市場経済に馴染まない食・農畜産業・水資源の抜本的な解決

■【食・農業】日本の農業構造と農地法改正

≪担当者のメモ≫山近紀行〔2009年8月5日(水)〕

日本の食の安全や、食料自給率の問題が言われているが、日本の農業においては農業従事者の高齢化、農業人口の減少が大きな問題であろう。

農業所得の向上のためには現状の少ない労働投入量で効率を上げることが必要であり、農地の利用集積の効率化が求められる。

農地の利用集積による集落営農など、農業の効率化に対する取り組みが行われているが、近年、耕作放棄地が増加傾向にあり抑制要因となる可能性が高い。

耕作放置により荒廃した土地を農地として再生するためには多くのコストがかかるため土地の再利用が進まず、農業離れを加速させる要因となりうる。

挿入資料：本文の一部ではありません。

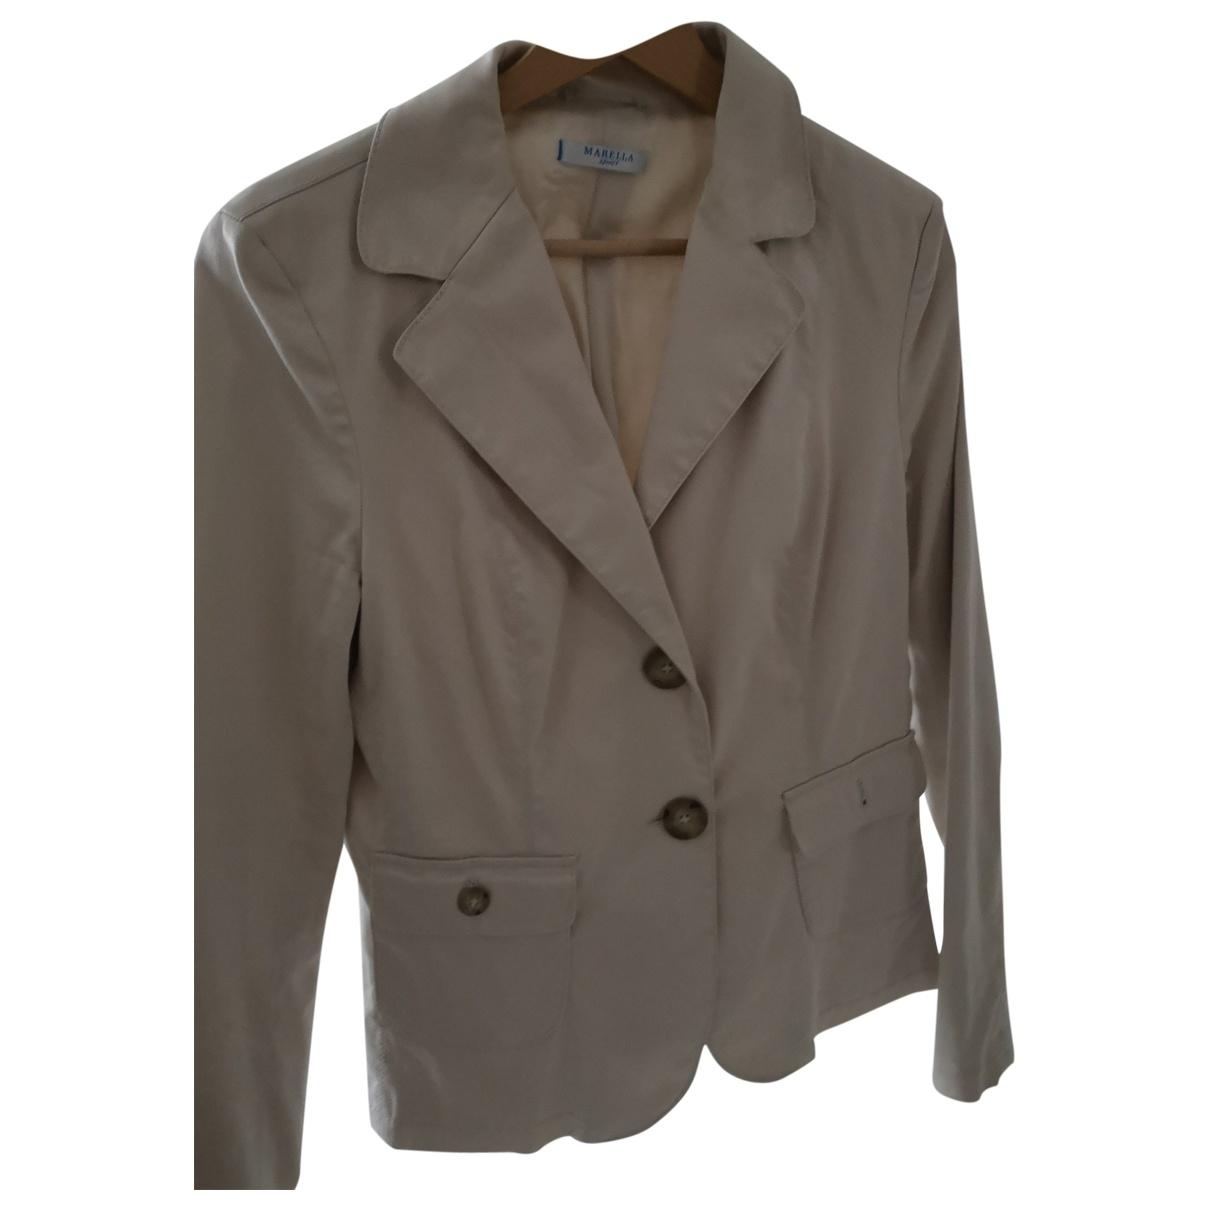 Marella \N Beige Denim - Jeans jacket for Women 44 FR

相続などが行われず、地主が不在となってしまい、耕作放棄地となってしまった農地には手をつけられないという問題がある。

農地法の改正、耕作放棄地に対する「耕作放棄地再生利用緊急対策」が農林水産省から発表された日本の農業に関して、何に重点的に取り組むべきか議論を行いたい。

≪農業総算出額、経営耕地面積(耕作放棄地面積)の推移≫

農業総産出額は1980年代後半の12兆円規模をピークに減少傾向にあり、2005年では8兆円程度まで低下している。

日本のGDP約500兆円に対し、1.6%である。

【図表】 農業総算出の推移

(出所)農林水産省「農林水産統計」を基に日本総合研究所作成

経営耕地面積、総農家数は減少傾向にあり、耕作放棄地面積が増大傾向にある。

農業面積の減少や農業従事者の減少・高齢化により、農業構造が脆弱化している。

農地縮小の理由として「高齢化で労働投入量が低下」、「農産物価格や単位面積あたりの収益の低下」が挙げられている。

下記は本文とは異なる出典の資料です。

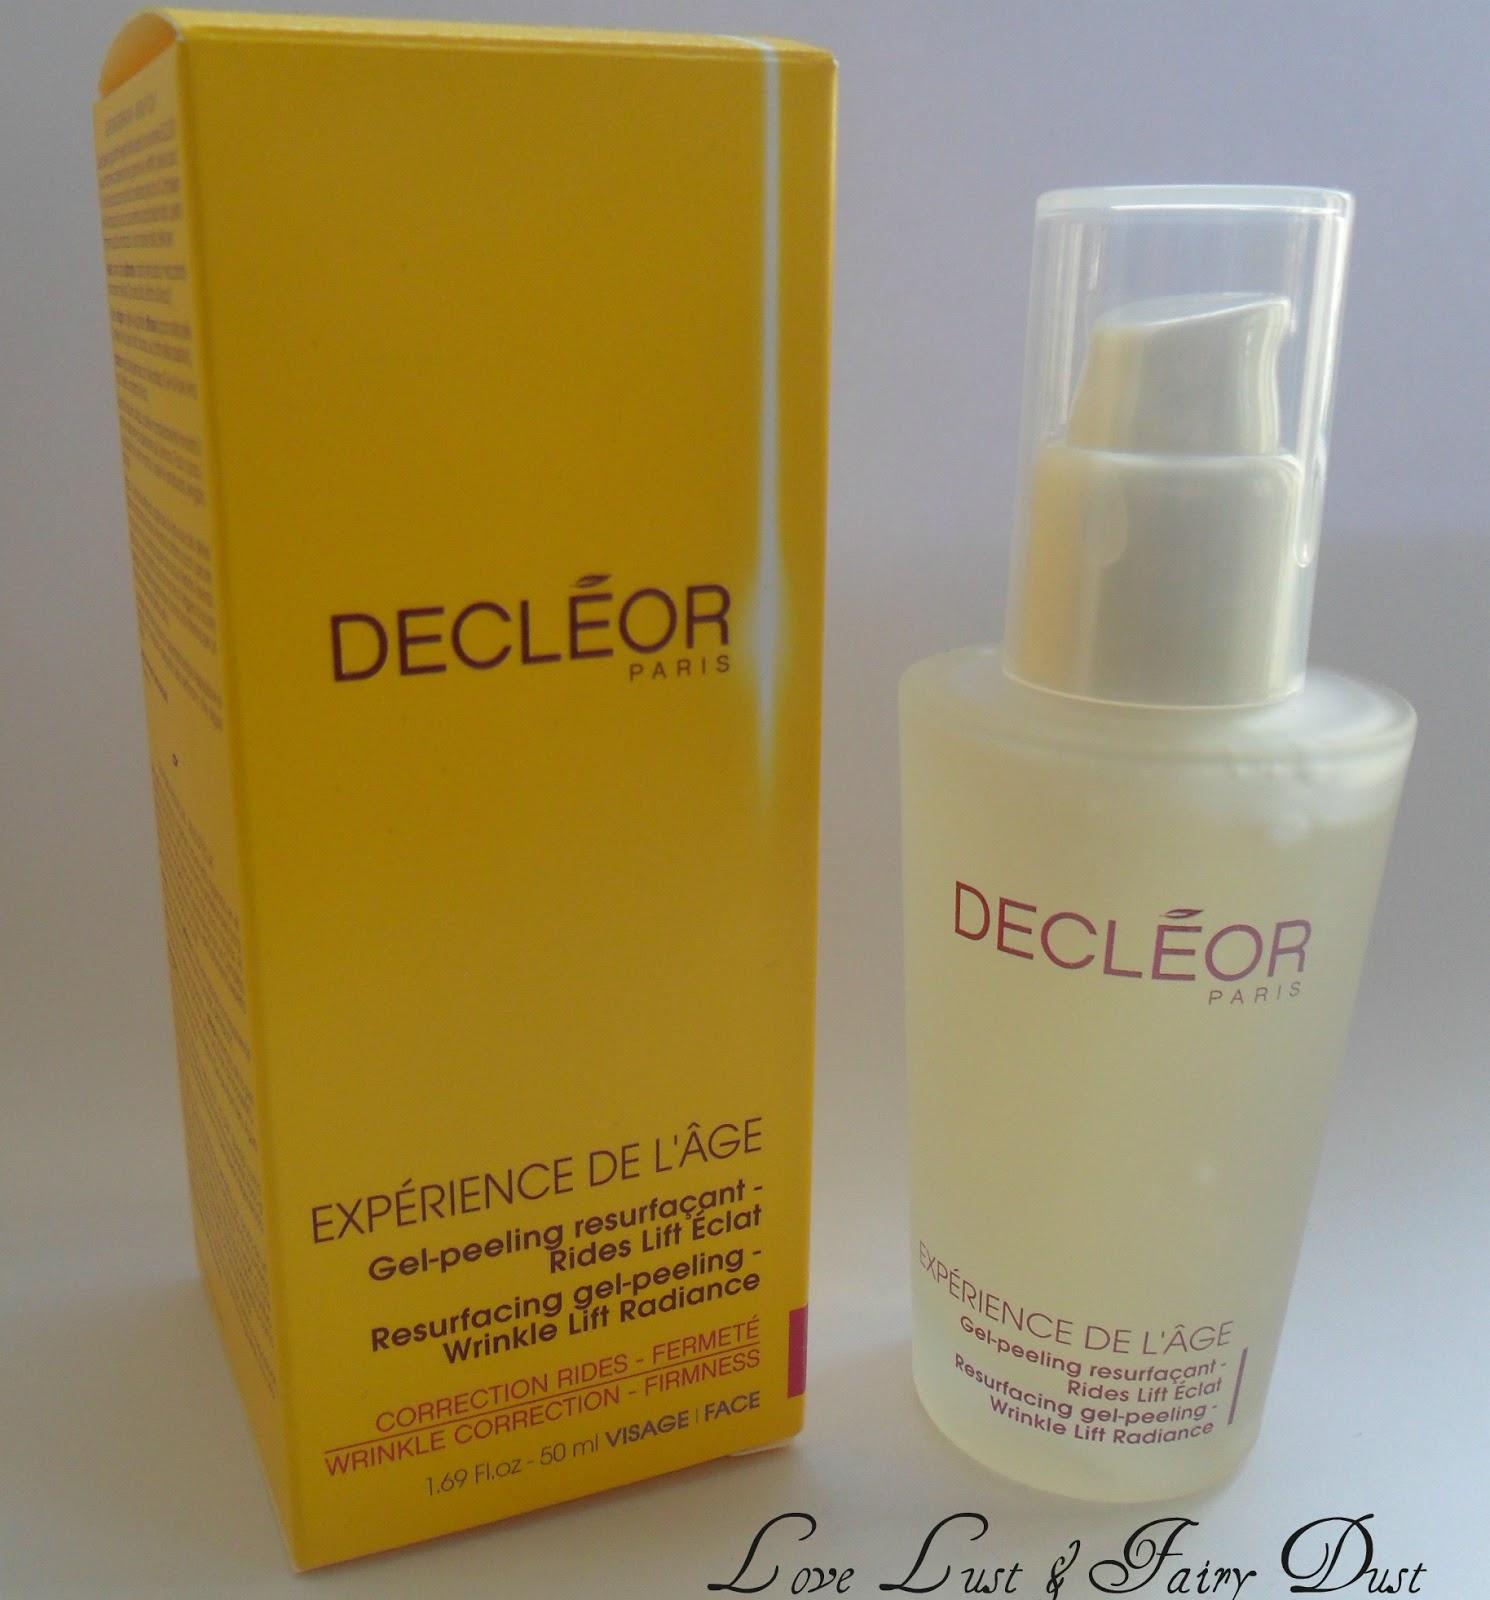 Decléor Experience De L'Age Resurfacing Gel-Peeling

農地の拡大理由の上位に「農地を引き受けてほしいとの依頼」、が挙げられており、農業従事者の減少が経営主の高齢化、販売額の低迷、後継者の不在問題と共に、規模の縮小を加速化させている。

【図表】 日本の農業構造と農業経営の動向

(出所)いずれも農林水産省ウェブページから抜粋

【図表】 経営農地面積と耕作放棄地面積の推移

(出所)農林水産省「農業センサス」を基に日本総合研究所作成
≪平成の農地改革≫

農地は、最も基礎的な生産要素であり、農業経営の重要な基盤である。

農業構造のぜい弱化が進むなか、担い手への農地の利用集積が進んでいるものの、農地が分散している場合がみられ、その場合は効率的な経営が困難な状況である。

農地は農業に必要な資源として有効に利用されなければならないという理念のもと、農林水産省は2009年6月に農地法を改正し、農地に関する政策を総合的に見直し、順次具体化する予定である。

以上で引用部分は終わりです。